Lloyds TSB Spending Power Report Finds Household Budgets Remain Squeezed at Christmas

Consumer spending power weakens as income struggles to keep pace with inflation.

Online PR News – 02-January-2013 – London, Greater London – The Lloyds TSB Spending Power Report reveals that, after inflation, spending power growth fell to -0.1% in November, the equivalent of around £11 less a year to spend on non-essential items. Therefore, despite positive retail sales figures from the high street in the run up to Christmas, the squeeze on household budgets remains and is still to show any material signs of easing.

The latest data continues a period of relatively weak income growth in real terms with income struggling to keep pace with the rise inflation in November. For non-essential items, annual growth in inflation ticked up to 2.7% during the month, from 2.4% in October. However, much of this recent rise is due to the impact of higher tuition fees. Therefore, non-essential inflation will be lower for a significant proportion of the population.

Within essential spending, growth in automotive fuel spend increased for the third month in a row to 4.2%. This can be attributed to people buying a higher quantity of fuel than at the same time last year, as well as an increase in prices at the pump.

By contrast, annual spending growth on gas and electricity bills declined for the seventh consecutive month, falling to 4.4%. However, as rice rises have been passed on to consumers later in the year in 2012 compared with 2011, an increase in growth in spending on utility bills can be expected in future months, further adding to the squeeze on households.

Patrick Foley, chief economist at Lloyds TSB, says:
"For a few months now, spending power in real terms has been flat. This is clearly a significant improvement from the start of the year, and is reflected in the consumer sentiment figures. However, consumers remain a long way from getting back to normal."

Current situation
The country’s current financial situation remains a concern for most people. While sentiment has remained stable for the past two months, the situation is much improved when compared with the same time a year ago, at which point sentiment was at its lowest level since the index began in November 2010, with well over half of
people stating the situation was ‘not at all good’. Since November 2011, there has now been an 11 percentage point reduction in this figure, from 55% to 44%.

There was a small decline in people’s perceptions towards their own personal financial situation in November, with 52% stating that their situation is ‘not at all good’ or ‘not good’ versus 49% in October. This is possibly a result of the impending Christmas holidays, a time at which personal finances are brought into harper focus than is perhaps the case at other times in the year. Within this measure there is a noticeable contrast in optimism between the sexes, with 10% of males stating their personal financial situation as either ‘excellent’ or ‘very good’ compared with 5% of females.

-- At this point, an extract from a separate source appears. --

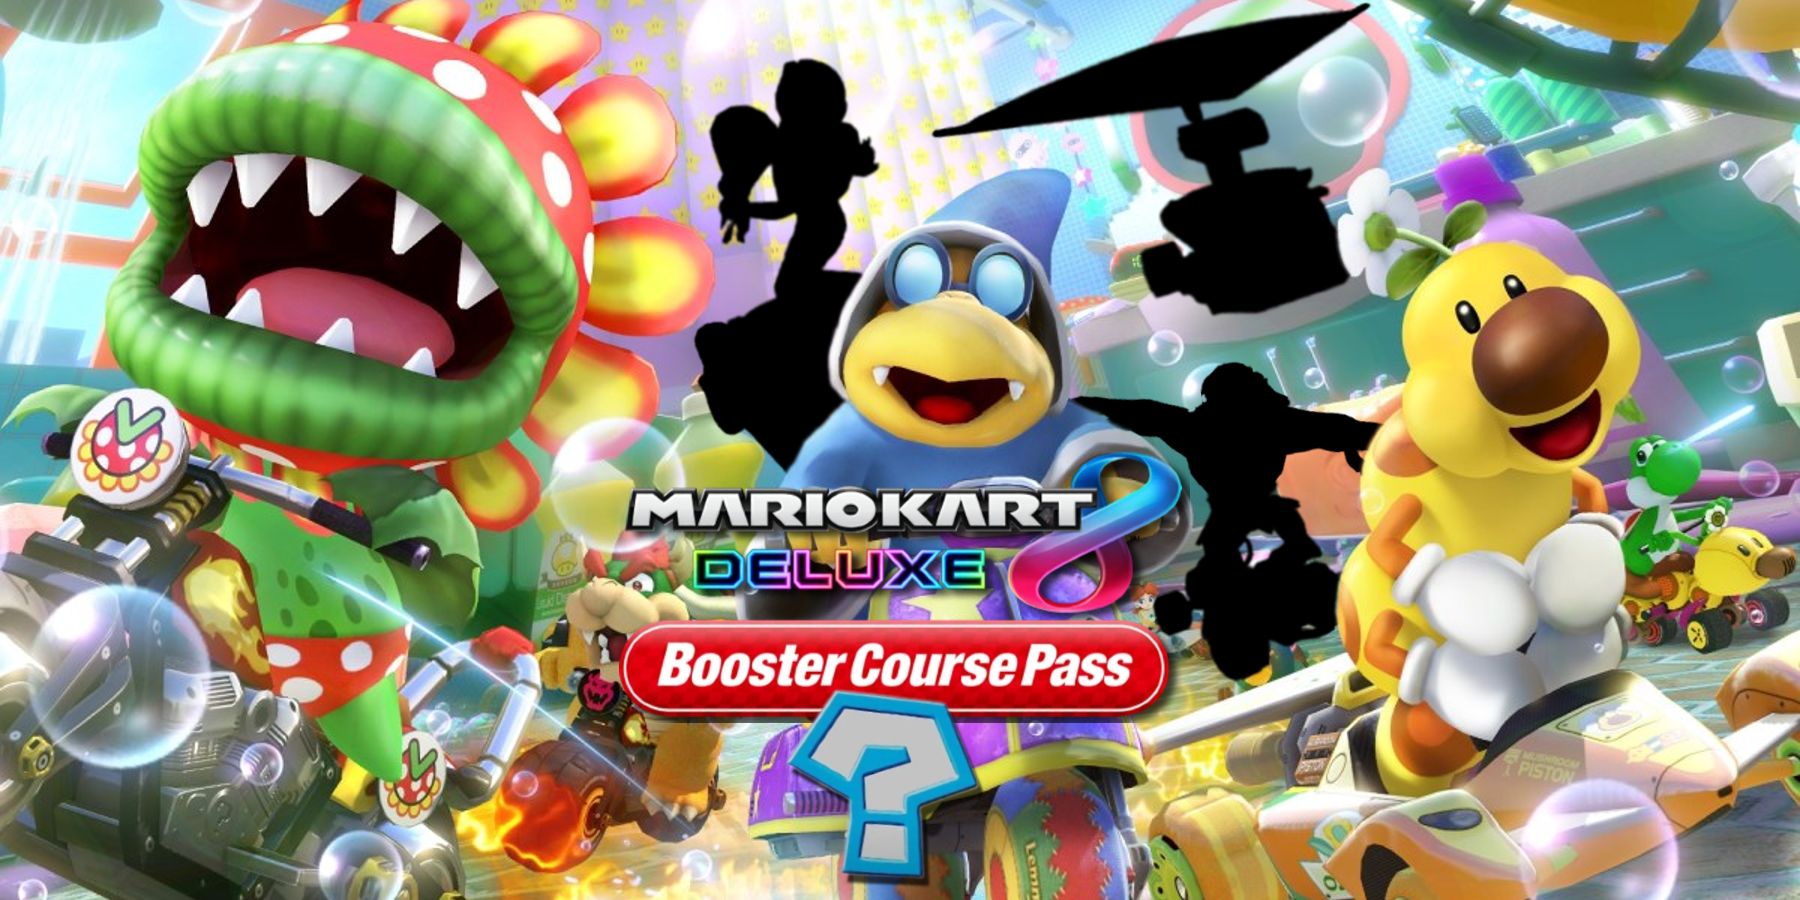 The Likeliest Candidates For Mario Kart 8's Wave 6 Racers

The view on the inflation situation in the UK worsened slightly from October, however the picture remains positive when compared with a year ago. In November 2011, 87% of people stated that the situation was ‘not at all good’ or ‘not very good.' This is down to 81% in November 2012.

Future situation
Attitudes towards future discretionary income have improved, with the balance of pinion (the difference between those saying they will have more minus those saying they will have less in six months time) rising from -9% in October to -7% in November. Regionally, London has the most positive outlook on the future with a third (33%) stating that they believe they will have either ‘more’ or ‘much more’ money to spend in six months time. This is a significant uplift compared with the national average of 19%.

The balance of opinion with regard to saving (the difference between those saying they will save more minus those saying they will save less) remained at 2% in November – the twelfth consecutive month this measure has been in positive territory.

Notes to Editors:
The Lloyds TSB Spending Power Report examines trends in consumers’ spending power, defined as income left after essential spending. Each month it covers both changes in actual spending power and in consumers’ perceptions, as well as recording how consumers are reacting. The Spending Power Report measures payments into Lloyds TSB current accounts and subtracts essential spending essential spending – rent, mortgage and required debt payments, utility bills, council tax, TV1 licences, food and fuel, which is identifiable from card spending, direct debits and standing orders. Additionally, over 2,000 consumers are asked about their current and future spending habits and how their commitments affect their spending power2.

The Index is derived from the current account data of all Lloyds TSB customers, the largest provider of current accounts in the UK. This provides a robust and representative sample of the entire UK market.

Lloyds TSB Bank Plc is a retail bank in the United Kingdom. It was established in 1995 by the merger of Lloyds Bank.